Too Much Transparency?
Not surprisingly, some finance professionals find the government’s tactics alarming. “My feeling is that it’s overkill,” says Tom Kelly, director of tax and treasury at Pall Corp., a $1.8 billion manufacturer based in East Hills, New York. “You’re disclosing so much that you’re basically laying out your tax planning before the audit starts.”
To be fair, it’s hard to imagine how the IRS could effectively curb shelters without some heavy-handed tactics. Tax shelters are deliberately hard to spot, often involving complicated trusts, partnerships, and overseas accounts that are themselves hidden in tax documents hundreds of pages long. And since the IRS lacks the resources to examine many of the tax returns it receives, many abusive transactions go unnoticed.
Still, there are real concerns. One is that legitimate transactions could draw an expensive IRS investigation. Consider the example of a money-losing sale of a partnership. While this has been a feature of fraudulent tax avoidance, it is also routine when a company exits a failing joint venture. “You’re inviting scrutiny by selling a legitimate joint-venture partnership at a loss,” says Mark Weinstein, a partner with Hogan & Hartson LLP. “When you’re sitting on the fence trying to decide whether or not to sell, you may well say, ‘Let’s not sell, because we’re just going to open a Pandora’s box.’”
A company might also find itself in trouble if it invests in a fund that engages in transactions such as currency swaps. While swaps are a standard hedging technique, some require disclosure under IRS rules — even for the company that’s investing in the fund. As with the partnership sale, the prospect of IRS scrutiny could prompt a company to forgo an otherwise attractive transaction.

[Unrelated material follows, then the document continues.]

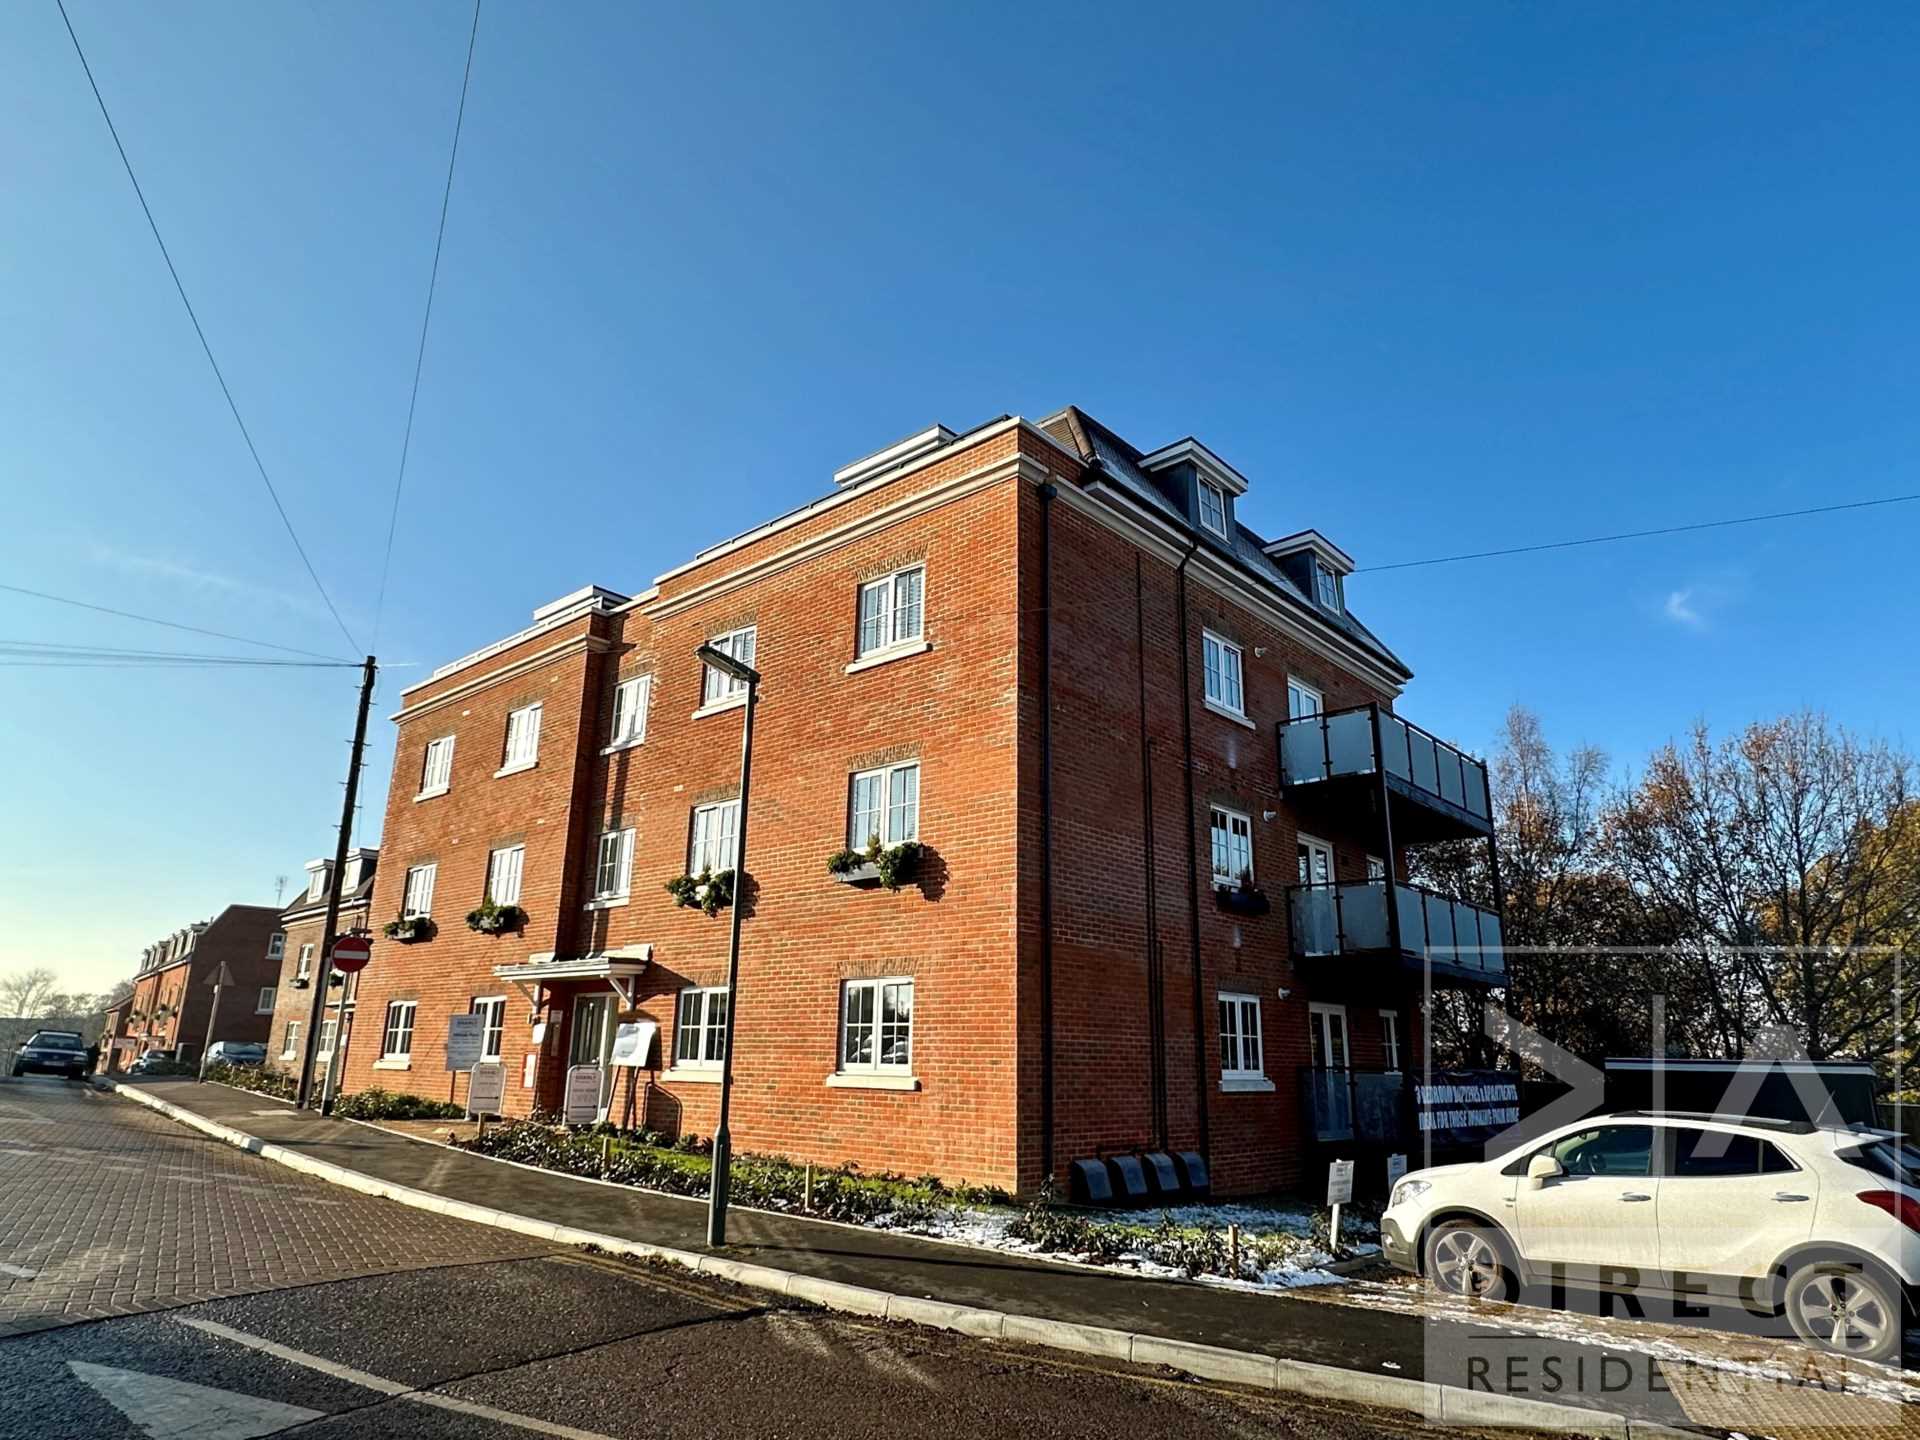 3 bed Apartment for rent in Epsom. From Direct Residential - Epsom

Nolan acknowledges the problem, and says the IRS is working to get better at distinguishing legitimate transactions from illegitimate ones. “The disclosure rules do sweep in some legitimate transactions,” she admits. “But we’re gaining more experience, and our processes will allow for making the distinction.” She points out that schedule M-3 should help, since it gives the IRS much of the information it needs to make a judgment.